The Avoyelles Pelican is thought to have begun publication in 1859. At present, the earliest recorded surviving copy of this newspaper dates from October 1861, when it was being edited by Prudent d’Artlys, the pseudonym of Hippolyte-Prudent de Bautte (1821-1861). A native of Normandy, de Bautte was imprisoned in France during the political turmoil of the 1840s for writing incendiary pro-republican articles. After his release, de Bautte emigrated to Louisiana, where he wrote for the magazine La Revue Louisianaise before becoming editor of the newspaper Le Meschacébé [LCCN: sn86079080]. He sold this enterprise in 1857 to fellow political exiles Ernest Le Gendre and Eugene Dumez, then eventually made his way to Marksville.
After de Bautte’s death in October 1861, the Pelican was taken over by Adolphe Lafargue (1818-1869). Born in the town of Orthez in the French Pyrenees, Lafargue worked as a schoolteacher in Natchitoches Parish, professor of French and mathematics at Jefferson College in St. James Parish, and then superintendent of schools in Avoyelles Parish, where he founded Marksville High School and published a newspaper, the Villager [LCCN: sn85034327], in the late 1850s. From 1863, he was assisted in managing the Pelican by his son Arnaud Denis Lafargue (1845-1917), who would later publish the Marksville Bulletin [LCCN: sn88064213].

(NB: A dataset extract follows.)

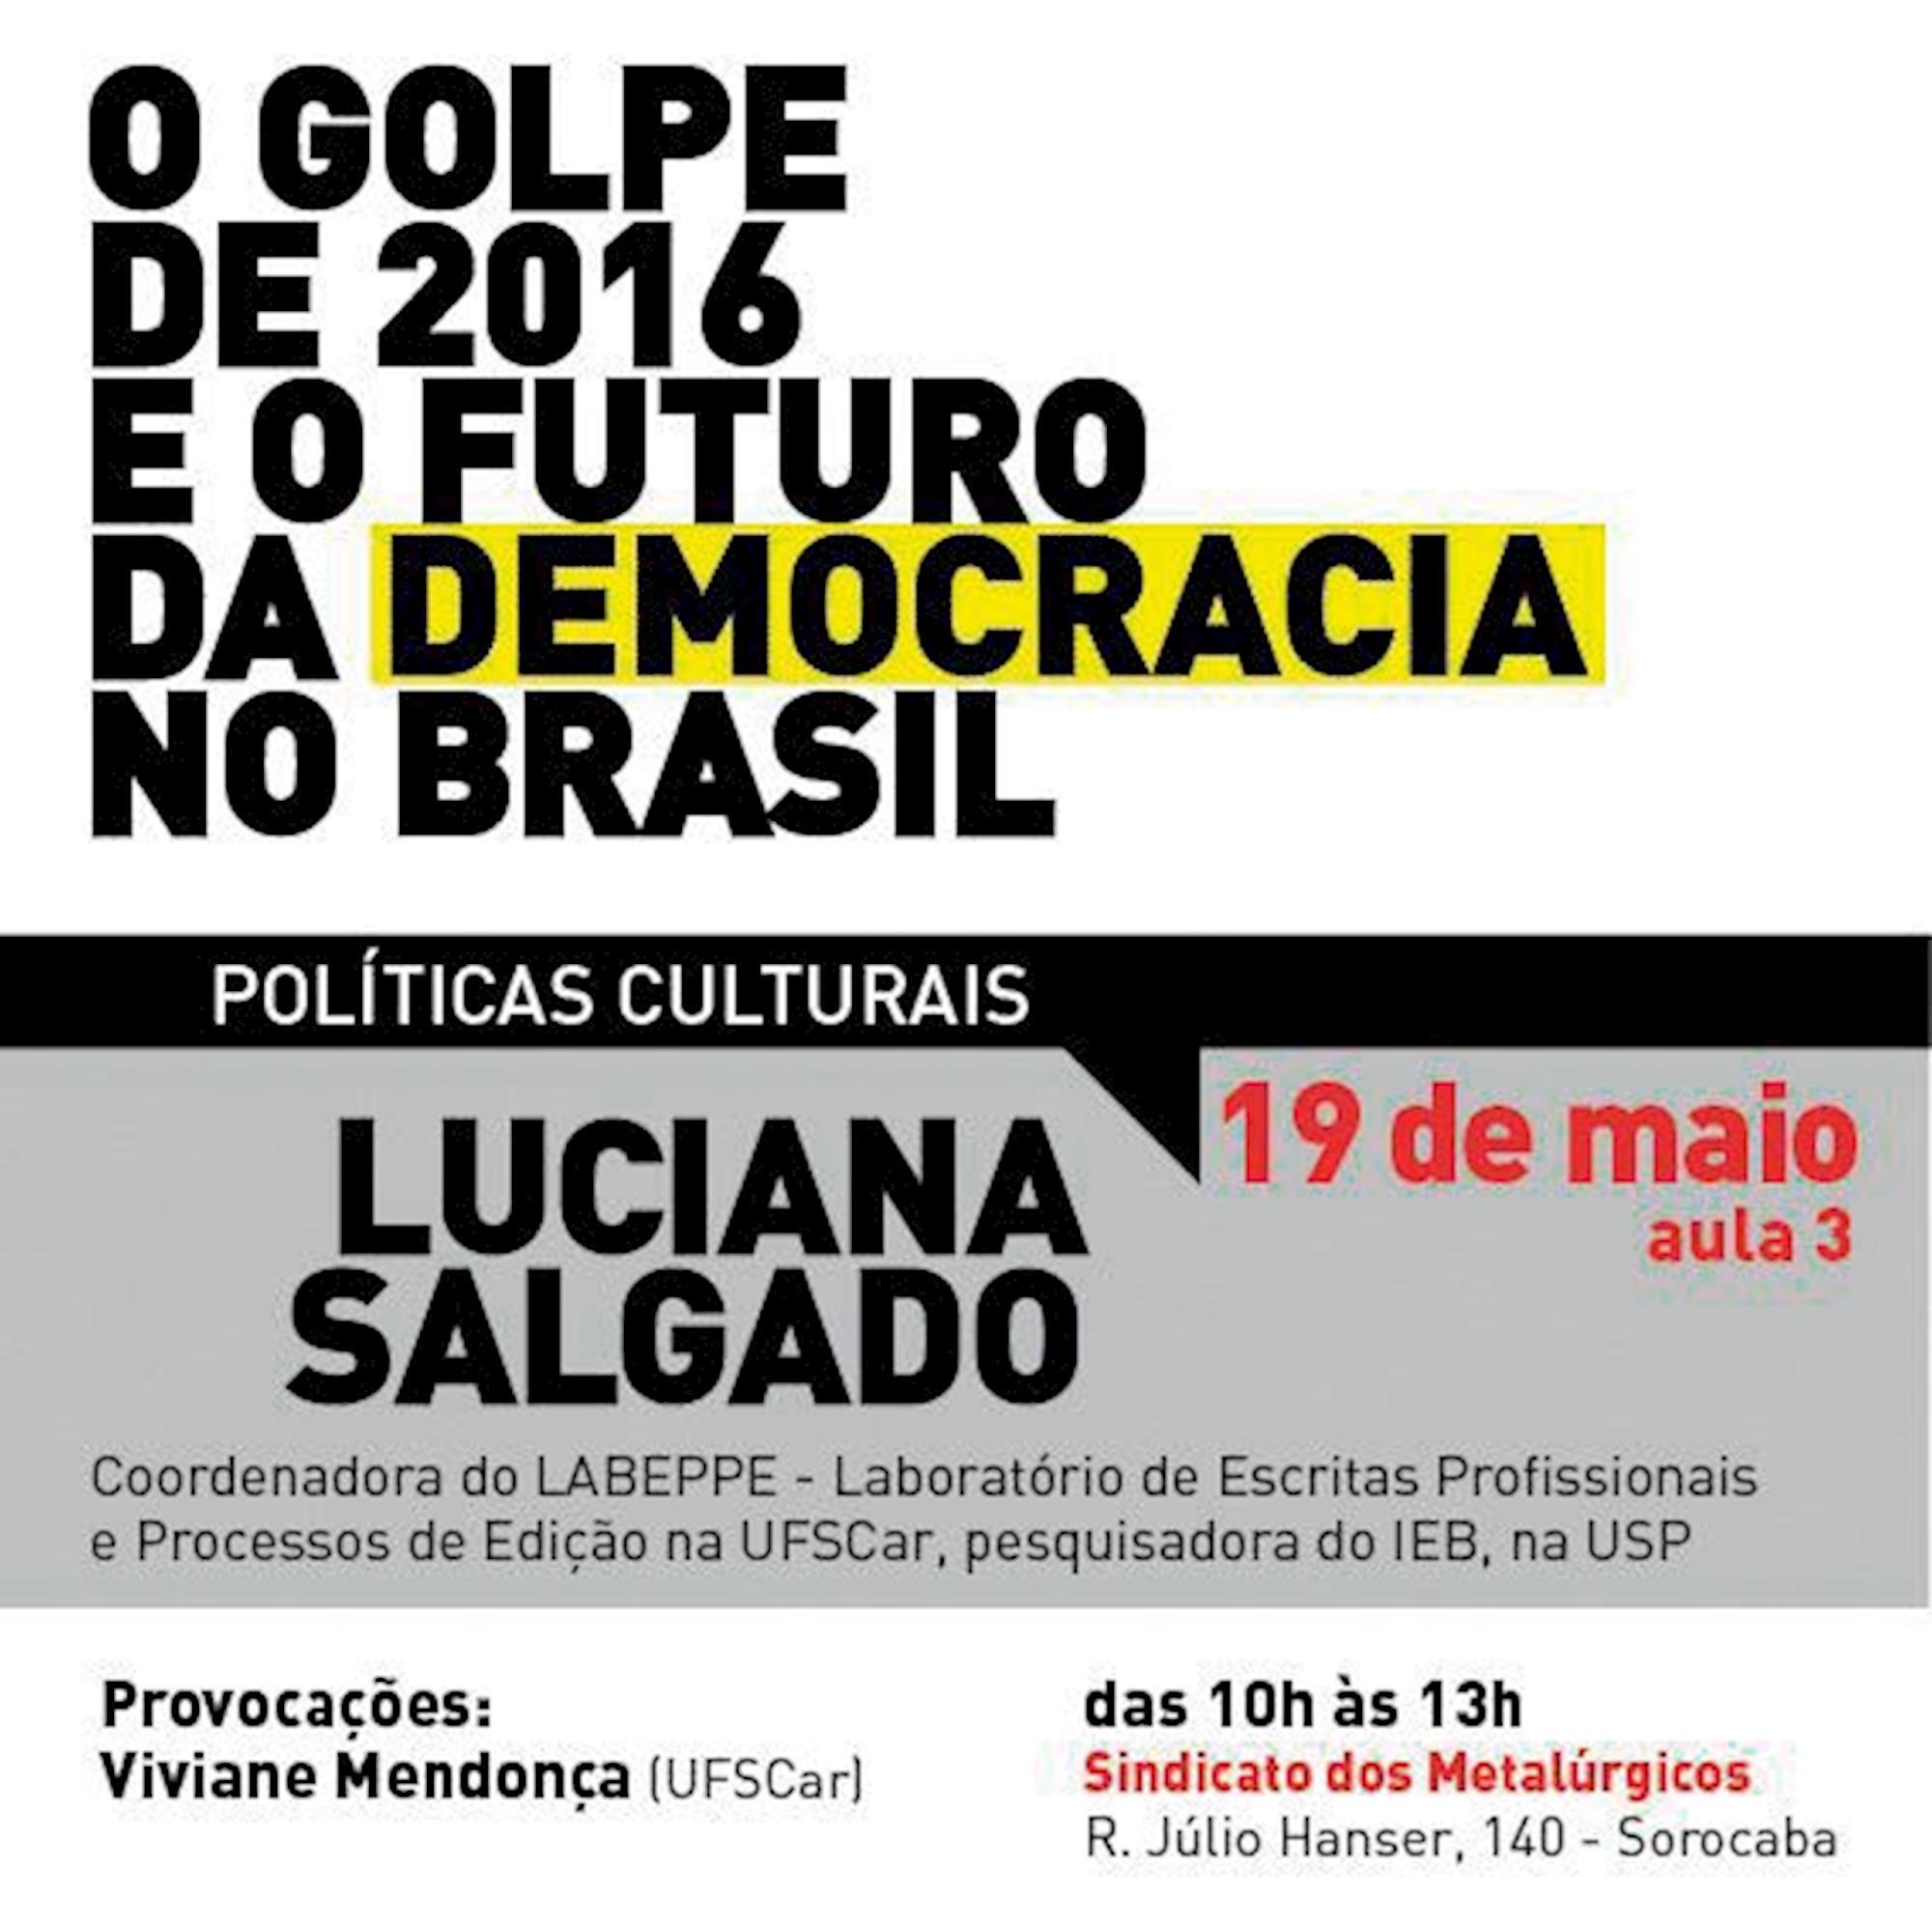 ufscar, Divulgação

Extant issues of the Avoyelles Pelican focus on the Civil War, with common topics of discussion including military enlistment, town meetings, home defense, and the Ladies’ Relief Society. The Pelican also carried a mix of general war news, letters from correspondents, and proclamations of military commanders and politicians. Obituaries, legal notices, and advertisements made up a large portion of each issue. Unlike many newspaper editors of his day, Lafargue tried to avoid political disputes, writing in one editorial that “The energies of the Pelican will be devoted to the labor of harmonizing the conflicting elements of parochial politics, so that feuds may sink down in the depths of oblivion’s wave and leave a placid surface for the admiration of society.”
The Pelican was originally published weekly in four pages, with two in English and two in French. In October 1862, it was reduced to two pages on account of wartime paper shortages. By 1863, most issues, as well as occasional supplements, were being printed on wallpaper. Currently, the last known extant copy is dated January 16, 1864. In August 1865, Adolphe Lafargue revived the Villager after a suspension of five years. No copies of this paper are known to survive, but it may have replaced the Pelican.